本公开提供了一种动作信息识别方法、装置、电子设备及存储介质,该方法包括:对待识别视频进行特征提取,得到多级第一特征图;通过对第一特征图进行参数信息调整,得到各级第一特征图对应的第二特征图;其中,不同级第一特征图对应的第二特征图的参数信息相同;分别调整各级第二特征图的参数信息,得到各级第二特征图对应的第三特征图,其中,各级第三特征图的时间维度值的比例与预设比例相符;基于第三特征图,确定待识别视频中的动作信息。

Description

动作信息识别方法、装置、电子设备及存储介质
本申请要求于2020年02月28日提交中国国家知识产权局、申请号为202010128428.X、申请名称为“动作信息识别方法、装置、电子设备及存储介质”的中国专利申请的优先权,其全部内容通过引用结合在本申请中。
技术领域
本公开涉及神经网络技术领域,具体而言,涉及一种动作信息识别方法、装置、电子设备及存储介质。
背景技术
动作识别是计算机视觉以及视频理解中的重要环节,动作识别的主要目标是判断一段视频中对象的行为类别。

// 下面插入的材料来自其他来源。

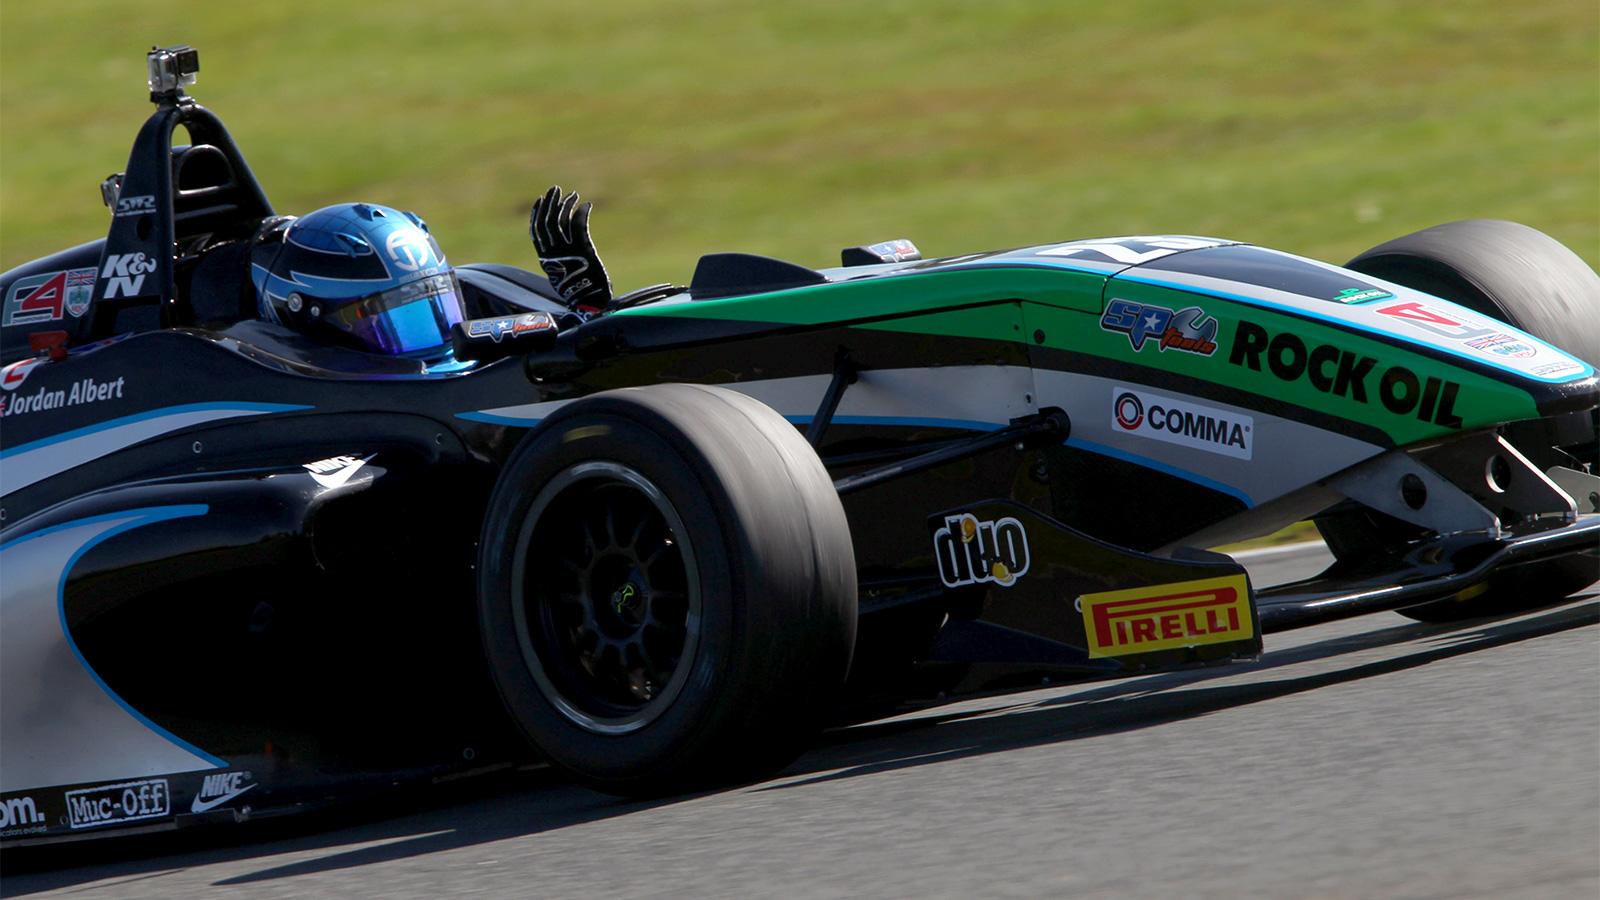 Sean Walkinshaw Racing.

不同的对象在执行同一动作时,会因年龄、身体素质等因素的影响,以不同的节奏执行;同一对象在执行不同的动作时,节奏也存在差异,使得动作的识别较为复杂。
发明内容
有鉴于此,本公开至少提供一种动作信息识别方法、装置、电子设备及存储介质。
第一方面,本公开提供了一种动作信息识别方法,包括:
对待识别视频进行特征提取,得到多级第一特征图;
通过对所述第一特征图进行参数信息调整,得到各级第一特征图对应的第二特征图;其中,不同级第一特征图对应的第二特征图的参数信息相同;
分别调整各级第二特征图的参数信息,得到各级第二特征图对应的第三特征图,其中,各级第三特征图的时间维度值的比例与预设比例相符;
基于所述第三特征图,确定所述待识别视频中的动作信息。
采用上述方法,通过对第一特征图进行参数信息调整,得到各级第一特征图对应的第二特征图,并对各级第二特征图的时间维度值进行调整,使得得到的各级第二特征图对应的第三特征图的时间维度值存在比例关系,进而可以基于时间维度不同的第三特征图(通过不同的时间维度来体现动作的不同节奏,进而得到不同节奏下的动作特征),确定待识别视频中的动作信息,实现了基于原始帧率的待识别视频,确定待识别视频的动作信息,由于不需要调节待识别视频的帧率,在保证识别准确率的同时,降低了识别的运算量,提高 了识别的效率。
第二方面,本公开提供了一种动作信息识别装置,包括:
特征提取模块,用于对待识别视频进行特征提取,得到多级第一特征图;
参数调整模块,用于通过对所述第一特征图进行参数信息调整,得到各级第一特征图对应的第二特征图;其中,不同级第一特征图对应的第二特征图的参数信息相同;
时间维度调整模块,用于分别调整各级第二特征图的参数信息,得到各级第二特征图对应的第三特征图,其中,各级第三特征图的时间维度值的比例与预设比例相符;
确定模块,用于基于所述第三特征图,确定所述待识别视频中的动作信息。
第三方面,本公开提供一种电子设备,包括:处理器、存储器和总线,所述存储器存储有所述处理器可执行的机器可读指令,当电子设备运行时,所述处理器与所述存储器之间通过总线通信,所述机器可读指令被所述处理器执行时执行如上述第一方面或任一实施方式所述的动作信息识别方法的步骤。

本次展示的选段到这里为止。